Говард Фаст - Как я был красным
Через два месяца умер Иосиф Сталин. Земля к земле, прах к праху и, слава богу, бессмертных нет.
Излагая историю своей жизни, я стараюсь не становиться в позицию судьи, или прокурора, или адвоката. Хотя, конечно, вовсе оценок не избежать. Коммунистом я стал по чистоте и невинности сердца. Это не оправдание и не попытка уйти от ответа, это просто констатация факта. Среди моих товарищей по партии не было ни одного, кто бы, как я, на собственной шкуре познал нищету. Я вырос на улице и перенял такие повадки, без которых бедным не выжить. К тринадцати годам я знал, кто такие "легавые" и кто такие проститутки, я умел постоять за себя, на бегу крал газеты в киоске, жульничал в дворовых играх, словом - выживал. Но это был мир проклятых, а есть люди, которые жизни не щадят, чтобы покончить с проклятьем. Это коммунисты, и, вступая в Коммунистическую партию, я вступал в компанию хороших людей.

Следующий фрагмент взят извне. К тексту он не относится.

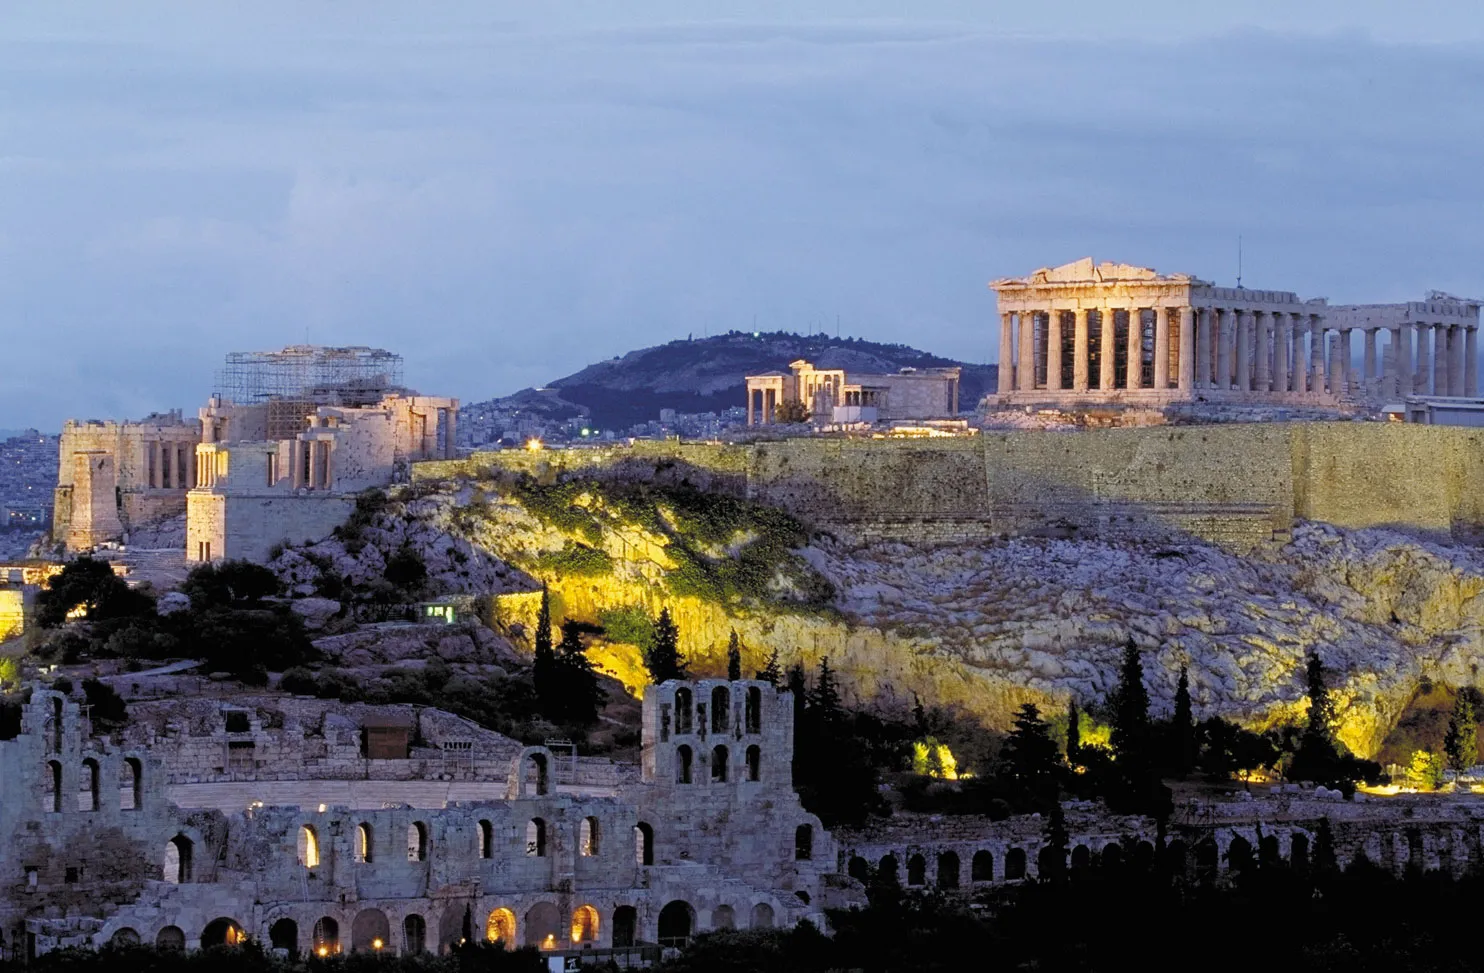 <p><span>Acropolis has been occupied continuously since the Bronze Age (16th-12th c. BC)</span></p><p><span>Previous temple to Athena Parthenos on the acropolis was destroyed by the Persians in 480 BC.</span></p><p><span>The Athenians left the acropolis bare for 33 years as part of an oath after the battle of Plataea as a reminder of barbaric impiety.</span></p><p><span>Pericles, organised the rebuilding of the acropolis.</span></p>

Нет изначально добрых, нет изначально дурных, есть грязь и несправедливость, и главное - не обижать других. Быть человеком - дело непростое и запутанное; быть пастырем - еще труднее, а мы, как я уже говорил, ощущали себя пастырями. Дело осложнялось еще и тем, что человеческого братства, о котором мы мечтали, на земле не существует, и когда теряешь связь с действительностью, все идет наперекосяк.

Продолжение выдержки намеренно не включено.